TASK TO COMPLETE —
Please, from the entries below, transcribe exactly the lines that begin at the line with "The best thing" and end at the line with "Section 7.2 Manipulation", without the pictures.
------ MATERIAL PROVIDED ------
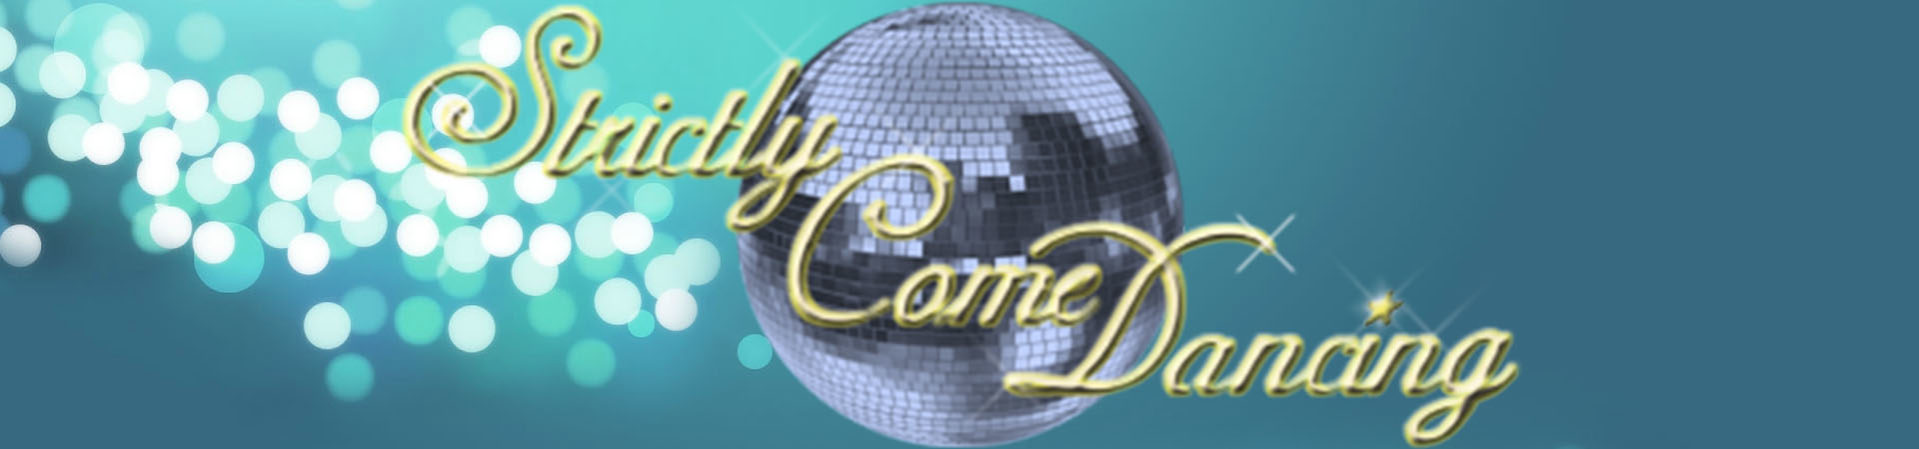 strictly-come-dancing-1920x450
------
------ MATERIAL PROVIDED ------
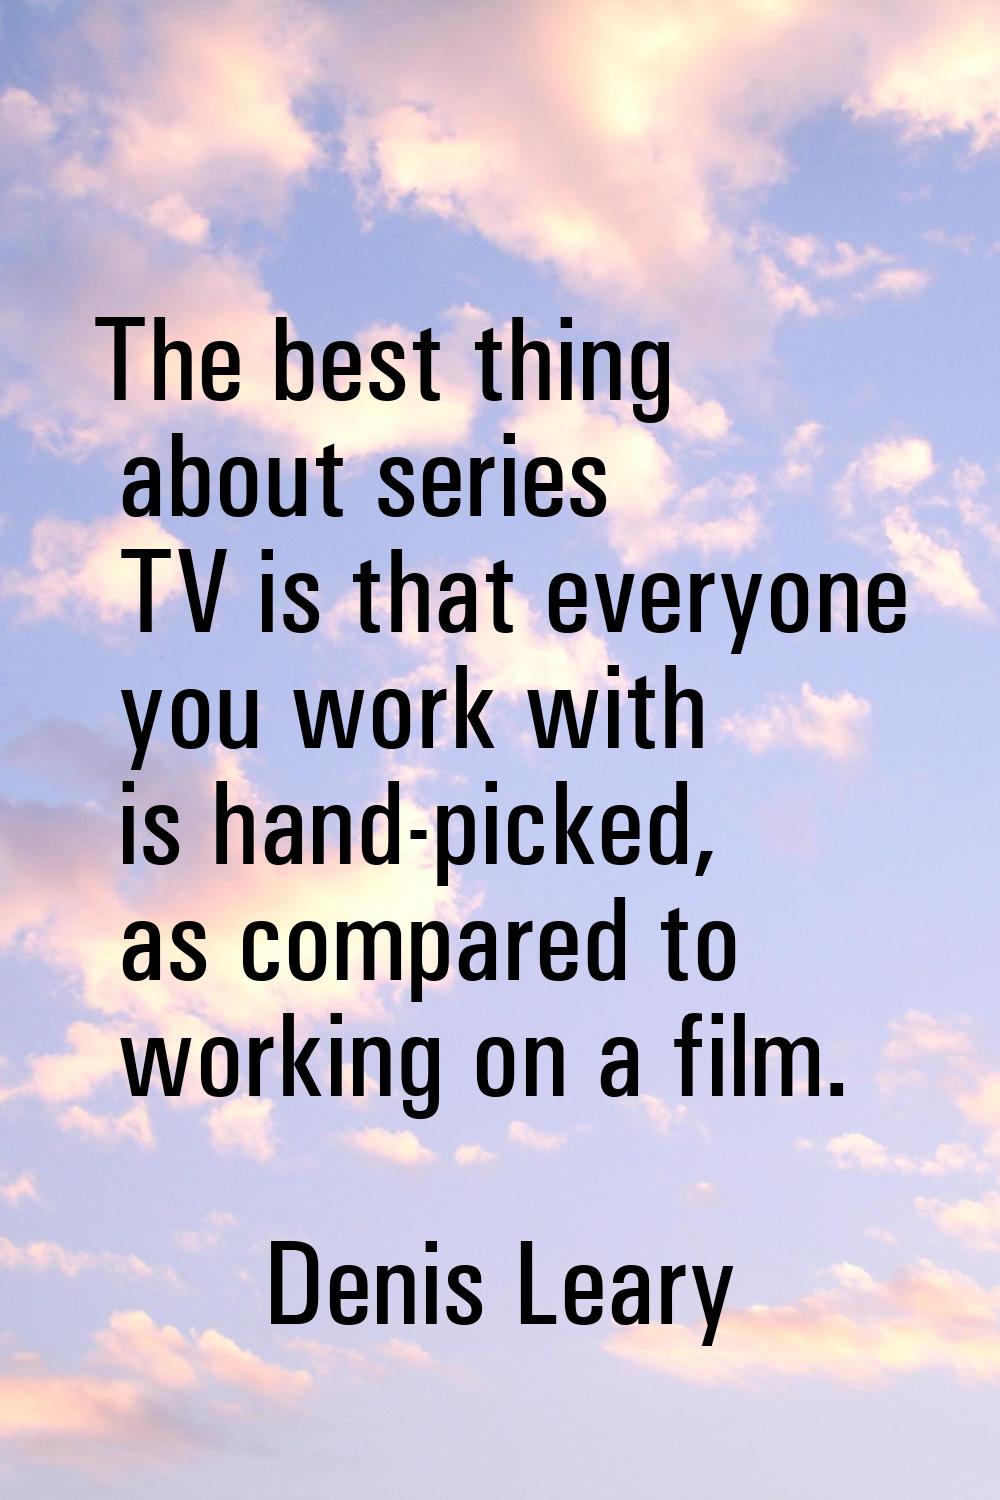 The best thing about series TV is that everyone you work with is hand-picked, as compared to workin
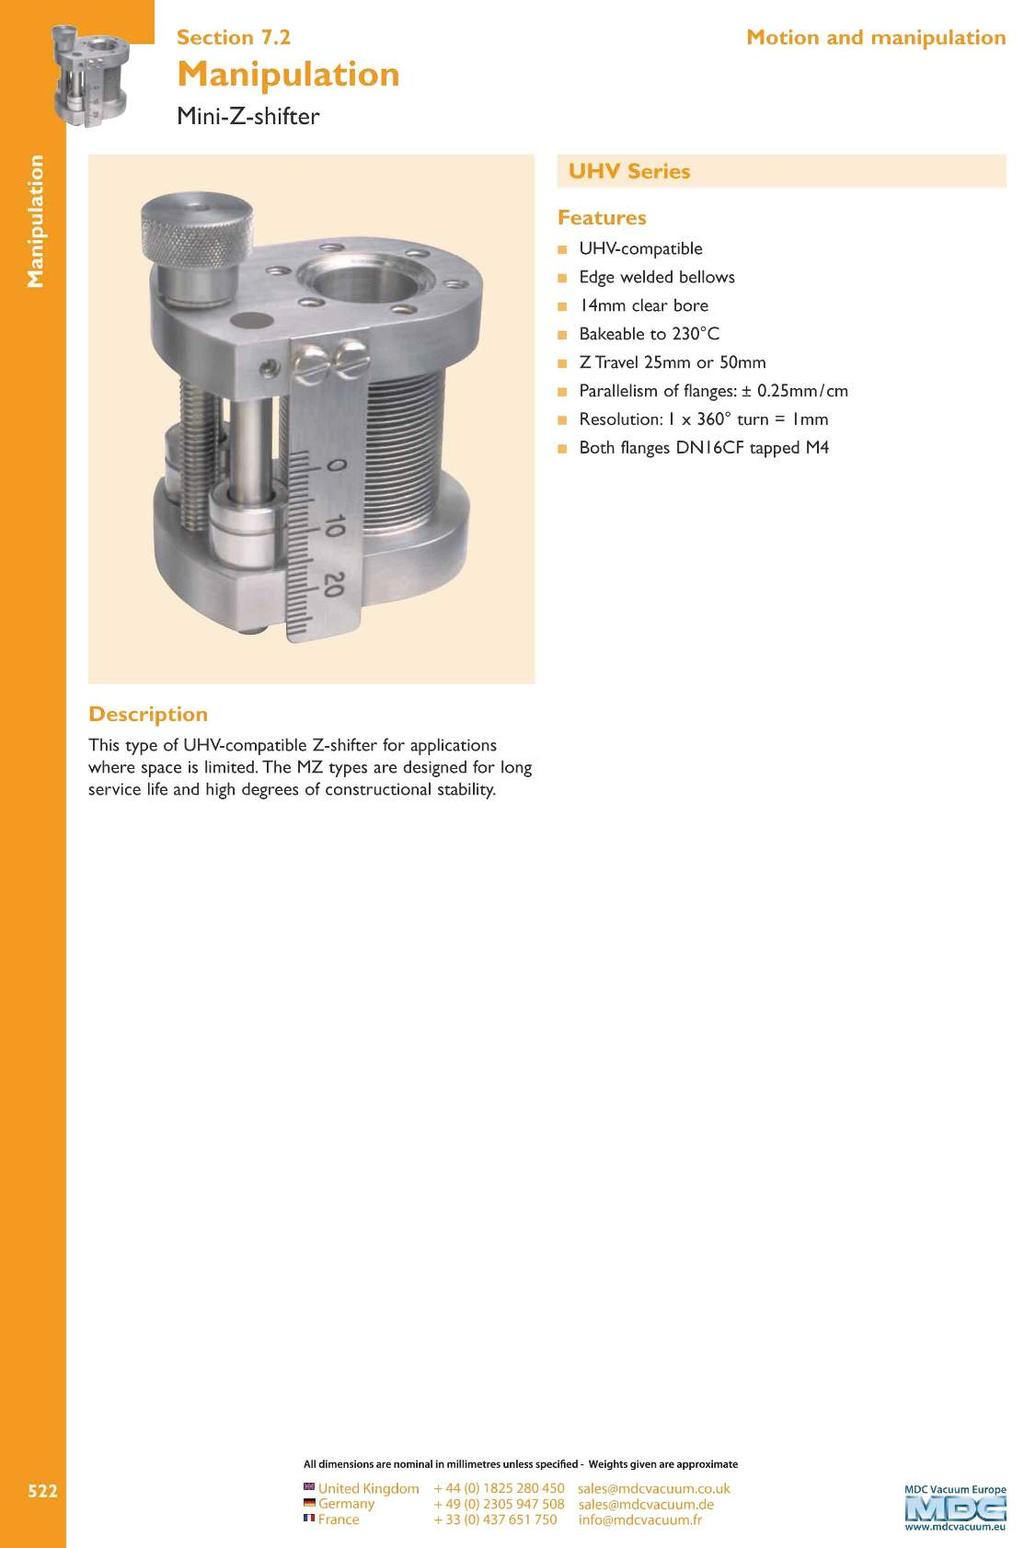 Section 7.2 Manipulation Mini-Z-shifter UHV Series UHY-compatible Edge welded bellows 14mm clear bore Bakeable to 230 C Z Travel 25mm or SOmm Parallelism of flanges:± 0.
------
EXPECTED ANSWER —
 The best thing about series TV is that everyone you work with is hand-picked, as compared to workin
 Section 7.2 Manipulation Mini-Z-shifter UHV Series UHY-compatible Edge welded bellows 14mm clear bore Bakeable to 230 C Z Travel 25mm or SOmm Parallelism of flanges:± 0.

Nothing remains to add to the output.